Using a pseudonym, Chris rented a second apartment, for Max. It was a spacious penthouse in the Fillmore area, with a balcony and a fireplace. Max liked to work by the fireplace: he joked that in case of danger, he could always burn the evidence. Max tried to visit Charity at home every day, but a comfortable safe haven made the hacker disappear for several days in a row. He appeared only when his girlfriend distracted him from work with a phone call: “Dude, it's time to go home. I miss you".
When the joint work of Max and Chris began to bring money, mistrust began to appear. Some of the baryg in the team of Chris loved parties, and the constant presence of cocaine, ecstasy and herbs in the house acted on Chris in much the same way as the long forgotten melody that comes to mind. In February, he was detained for driving drunk. At that time, he began to disappear regularly in Las Vegas with his comely employees, where he was disappearing all weekend. During the day, they were bought in stores, and in the evening, Chris could sniff out a couple of tracks and take his girls some fun at the Hard Rock Café or grumble at a VIP table in the Ghostbar unlocked bar at the top of Palms, where he could squander bucks for lunch and more the same for a bottle of wine. Returning to Orange Cauwee, he hooked an eighteen-year-old girl, whom he met through one of his baryg.
Max was unpleasant all these hobbies of drugs and adultery. But what really pissed off Max was their financial arrangements. Chris paid Max as a god per capita: at any moment he could change the amount of payments. Max also wanted a stable 50 percent of Chris profits. He was confident that Chris was raising real money from their joint business. Chris tried to explain the situation to Max and sent him a letter describing income and expenses. According to him, out of a hundred cards it worked well, maybe about fifty, and only half of them could buy something valuable; the rest turned out to be rubbish with a limit of $ 500, which was good only for small purchases like gasoline and food. And Chris himself had expenses: the distribution of goods required flights for his team to distant cities, and air tickets were not cheaper. In addition, he paid for the rental of the premises at Villa Siena, where his bank card factory was located.
Max was unrelenting: “Call me when you're not stoned.” The last drop in Max's patience fell three months after the story of Half-Life, when Chris almost slept.
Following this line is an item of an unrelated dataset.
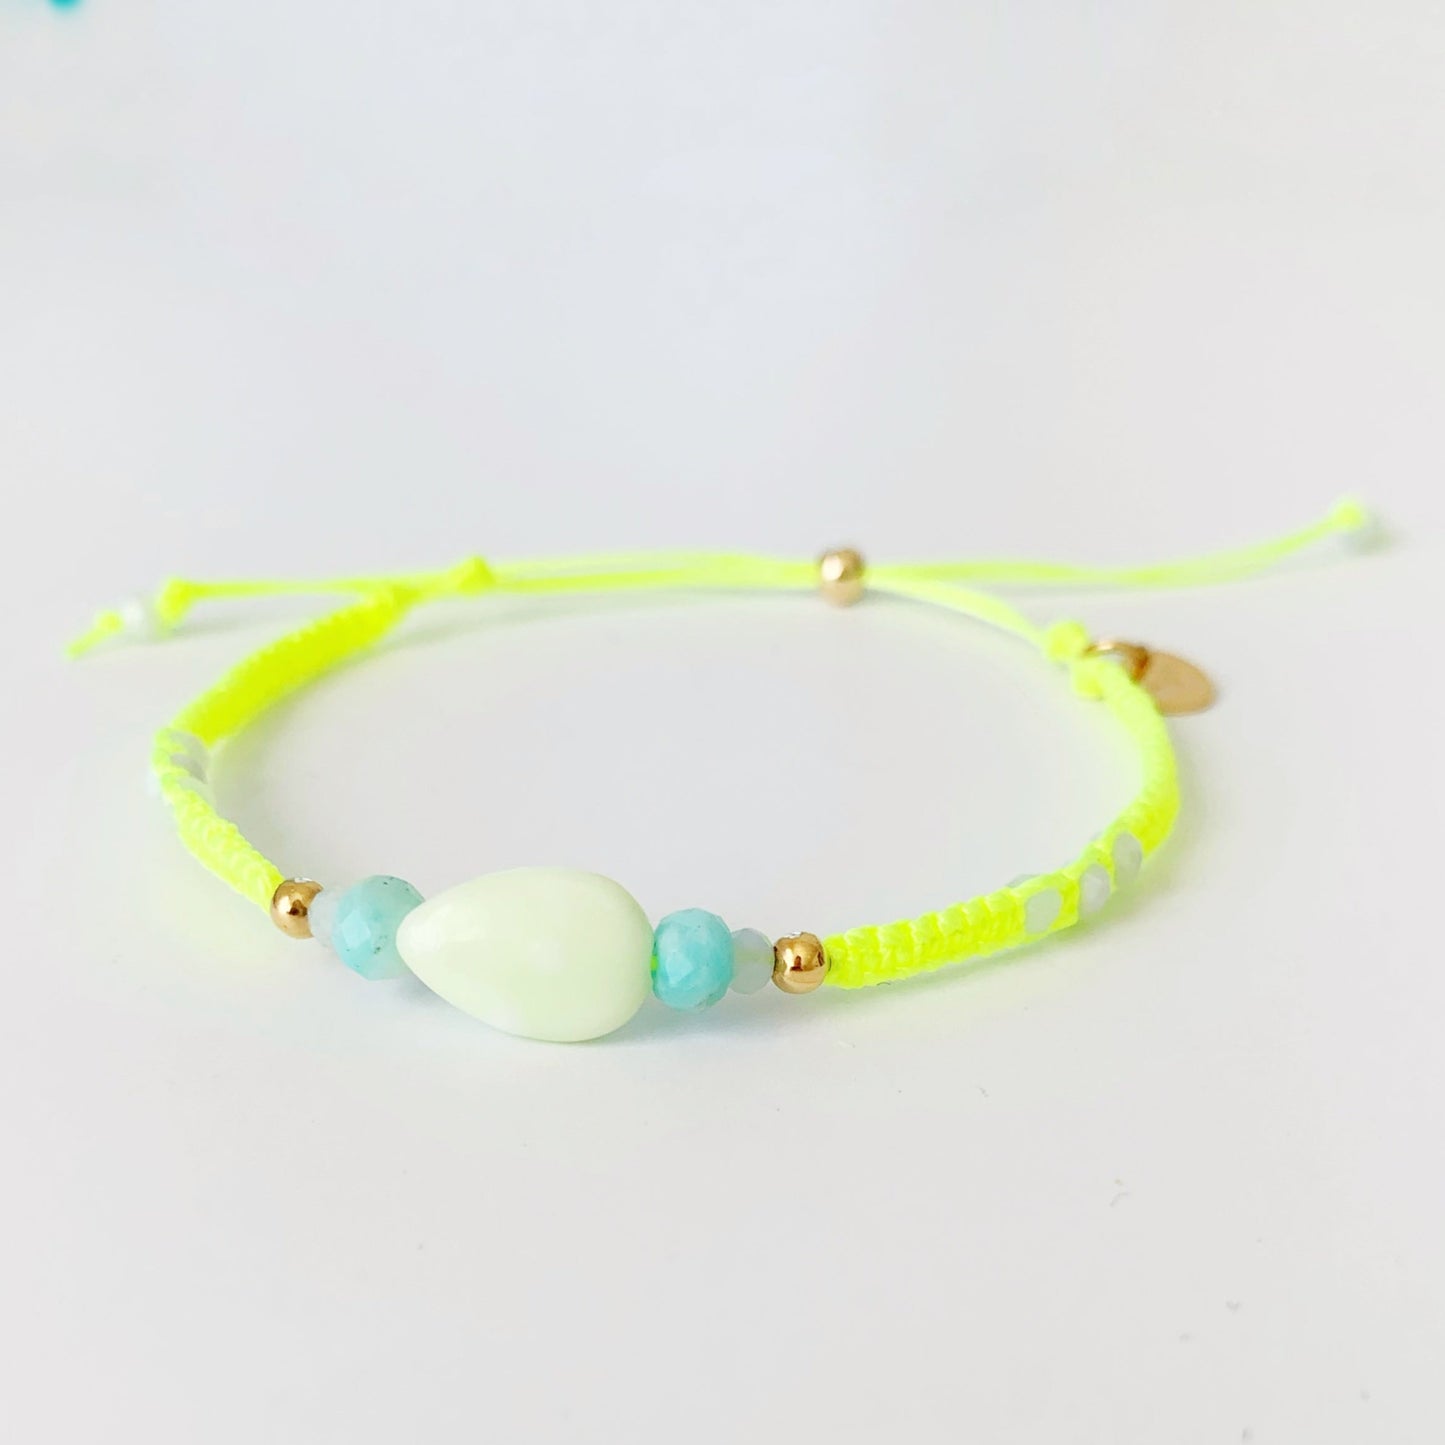 the mermaids and madeleines captiva macrame bracelet in color sips on the court is a neon yellow cord friendship bracelet with semiprecious beads at the center and a 14k gold filled slide clasp. this one is photographed on a white surface

He came to San Francisco to meet Max and trade cards in the Península Shopping Center. He and his team were just settling in the neighboring rooms of the luxury hotel “W” in the Soma area when Chris was called from the reception: his credit card was not accepted by the terminal. Tormented by a hangover and the flu, Chris went downstairs and took out another fake card from his plump wallet. He watched as the administrator rolled his card - again by. Chris got another one, but she was rejected. The third card worked, but it aroused suspicion and, as soon as the elevator took Chris to the twenty-seventh floor, the administrator immediately called the bank. The next people who knocked on Chris’s door were people from the San Francisco Police Department.
Putting on handcuffs on Chris, the police searched his number and car, taking his Sony laptop, MSR206
(portable magnetic card reader, interpreter note) and the car that had the VIN crashed: in Las Vegas, Chris experimented with cars rented on fake cards sending cars to mexico where they got new numbers.
Chris was sent to the county jail. His disappearance worried Max, but Chris got off easily and admitted his mistake to his partner. Fortunately for him, the police investigation was far from over. A month later, Chris was given a three year probation and was banned from visiting the W Hotel. After that, he boasted that he was, so to speak, the beneficiary of the San Francisco justice system. Approximately the same garbage happened to Chris girls regularly, so he kept the guarantor on bail [on bail] and even allowed him to spend the night in his underground card factory at Villa Siena. But Max was furious. For a man of the level of Chris, letting yourself be caught in a hotel room for carding is an unforgivable carelessness.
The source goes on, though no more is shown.